Aditya Samant

Personal information
- Born: September 9, 2006 (age 19) Pune, India

Chess career
- Country: India
- Title: Grandmaster (2023)
- FIDE rating: 2535 (August 2026)
- Peak rating: 2545 (September 2026)

= Aditya Samant =

Indian chess grandmaster (born 2006)

Aditya Sachin Samant (born 2006) is an Indian chess grandmaster.

==Career==
Aditya began playing chess at the age of 6. He trained under Chandrashekhar Gokhale, Jayant Gokhale, Abhijit Kunte, and Alexander Goloshchapov.

Aditya earned his first GM norm at the Abu Dhabi Masters in August 2022 and his second GM norm at the El Llobregat Open in December 2023. He also crossed the 2500 rating mark in May 2023.

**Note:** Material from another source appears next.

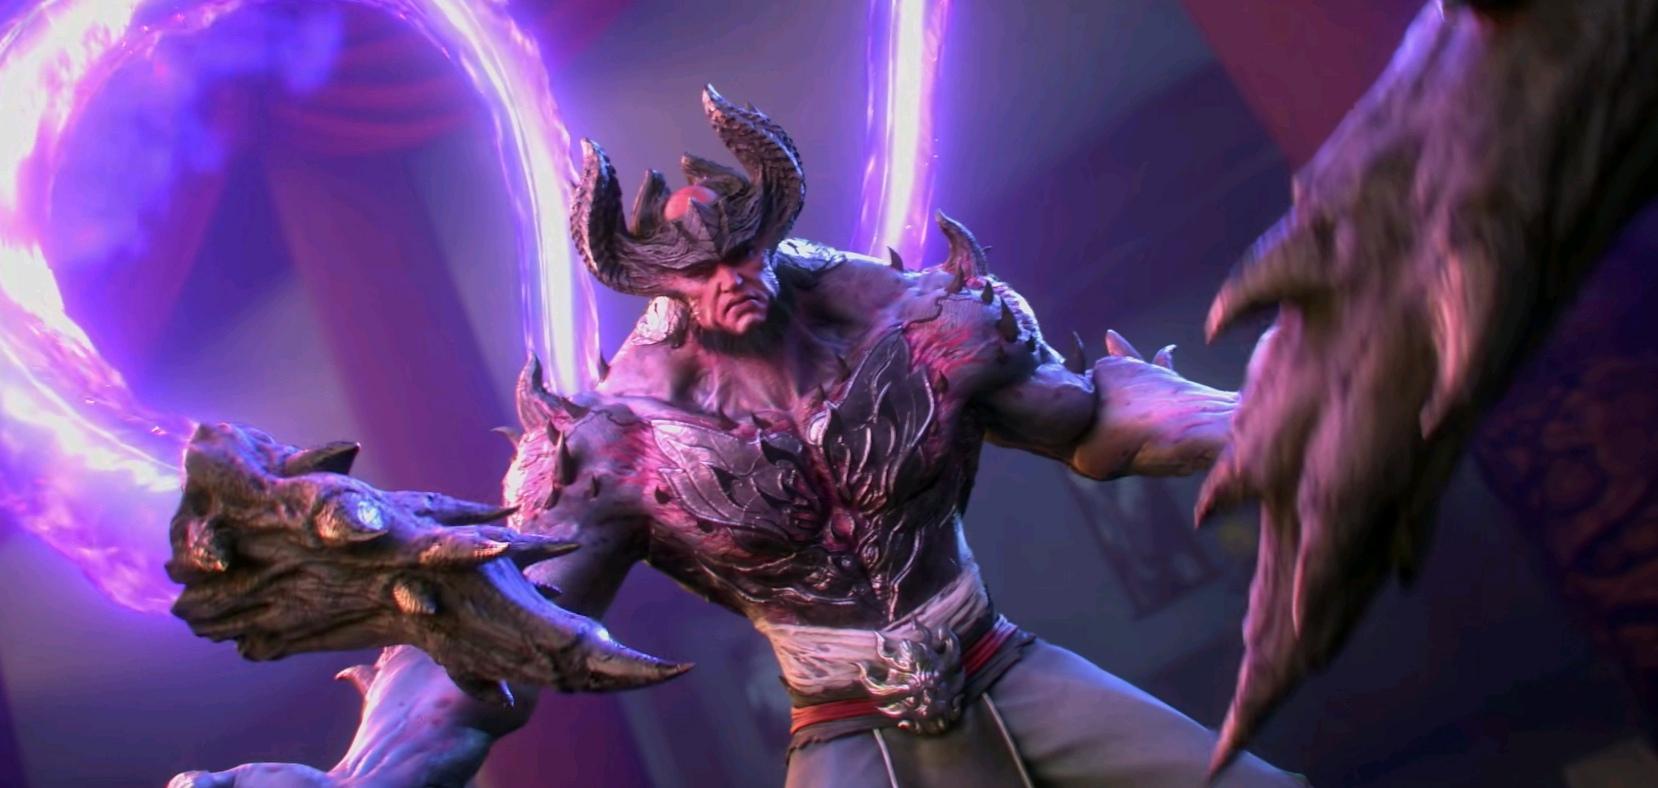 斗破苍穹:墨承强加不少戏份,第三季可能没有八翼黑蛇皇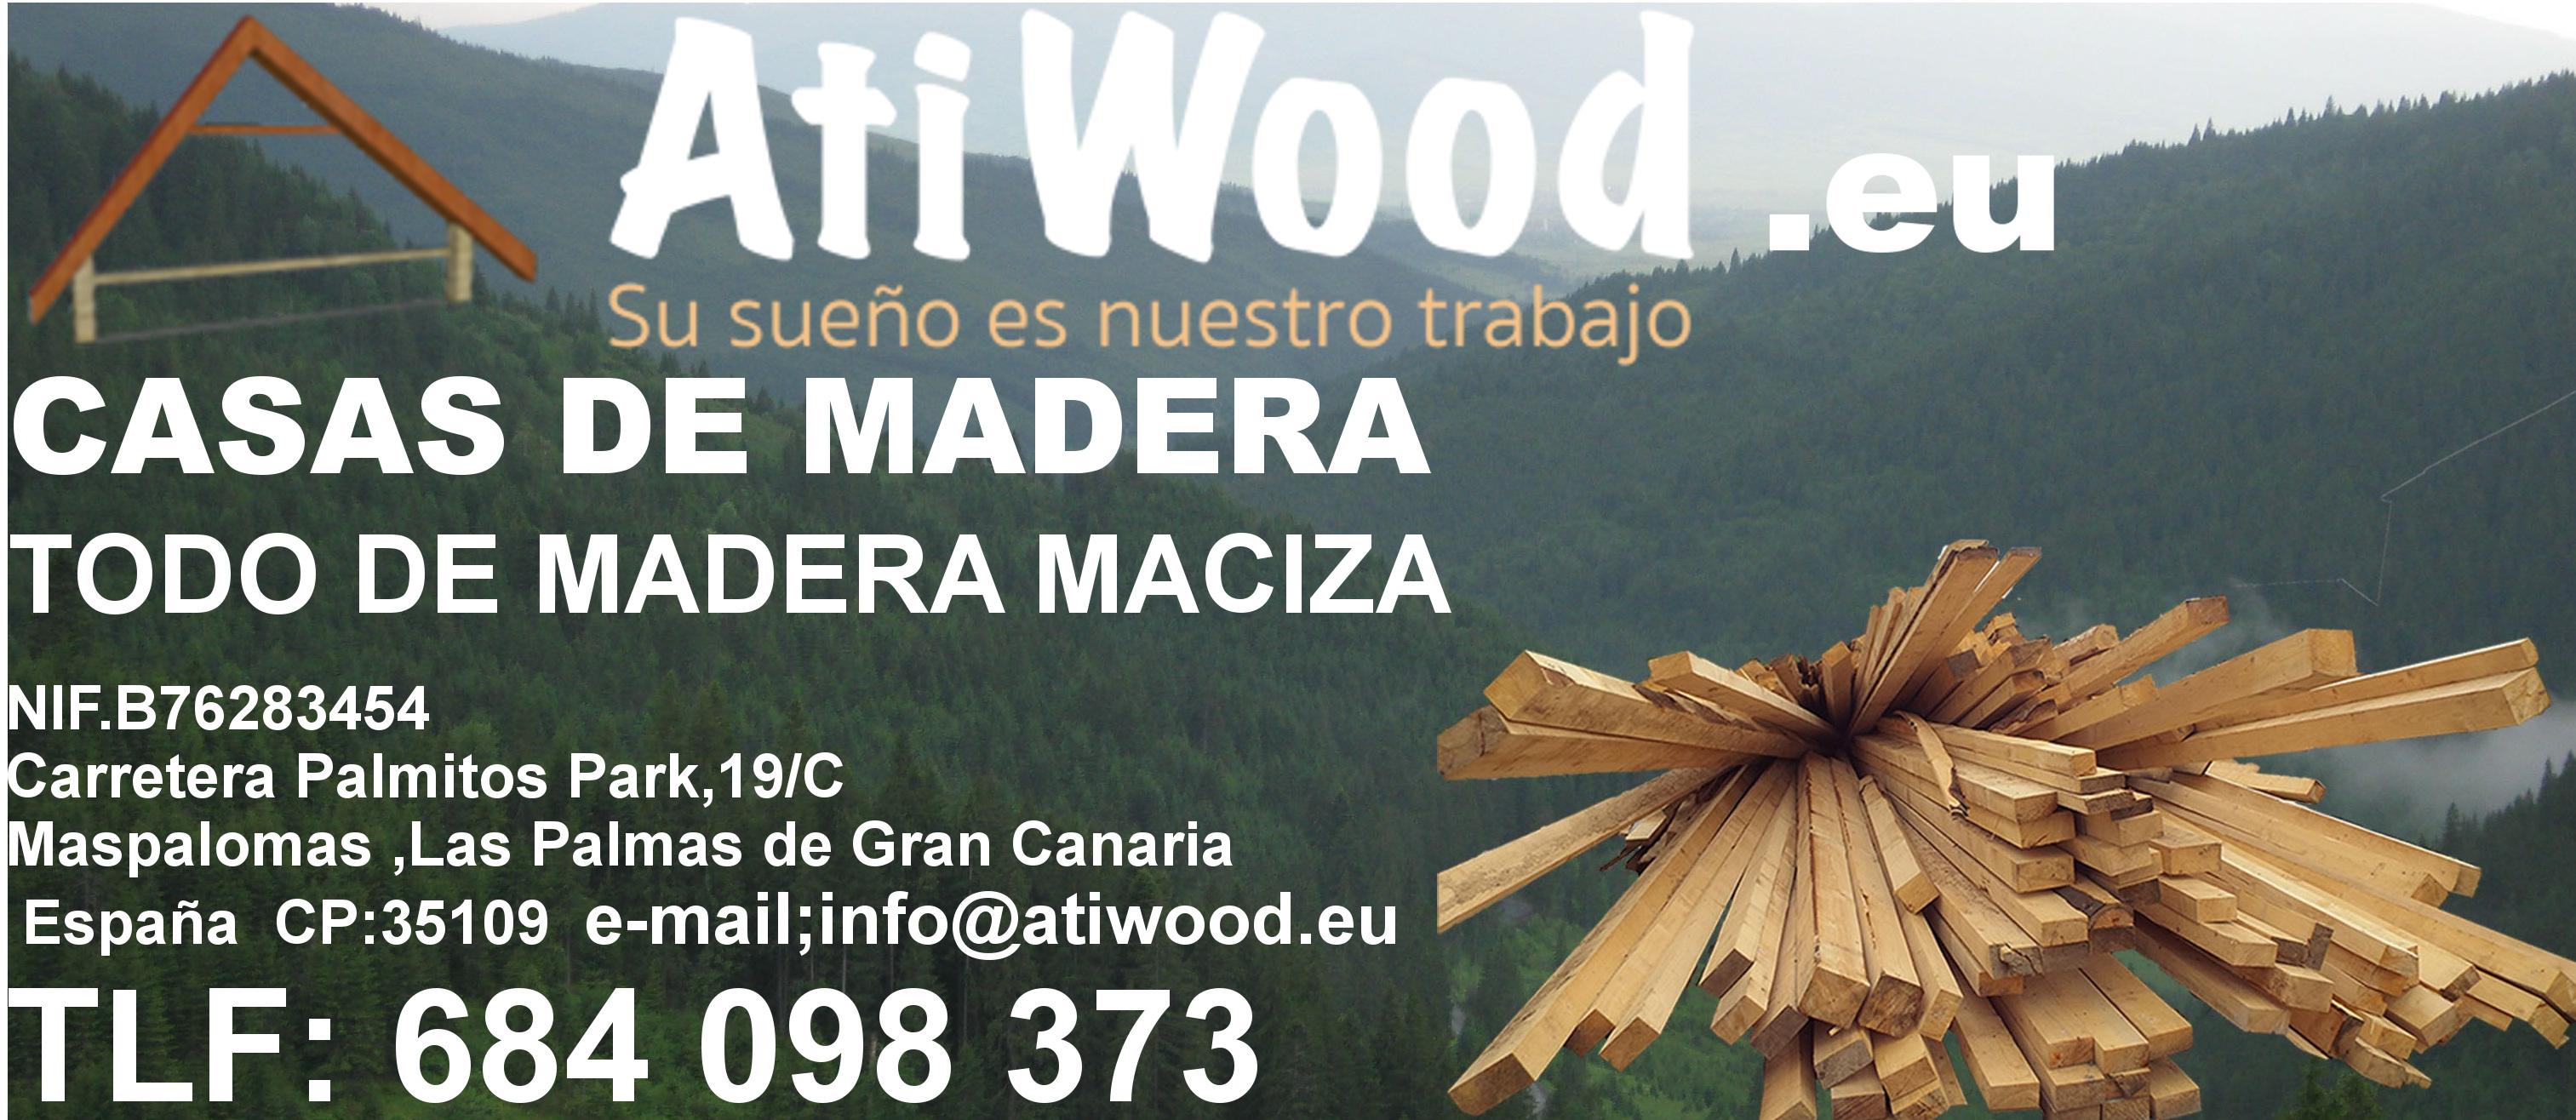 Atiwood

In July 2023, Aditya became a grandmaster after earning his final norm at the Master Tournament of the Biel International Chess Festival by drawing against Bu Xiangzhi in the 8th round of the 9-round tournament. He only needed to play the final game against Aryan Chopra to secure the title, regardless of the game's result.

==Personal life==
Aditya is studying computer science at the University of Texas at Dallas. He previously studied science at the CBSE, Suryadatta National School, Pune and in Abhinava Vidyalaya English Medium Primary School.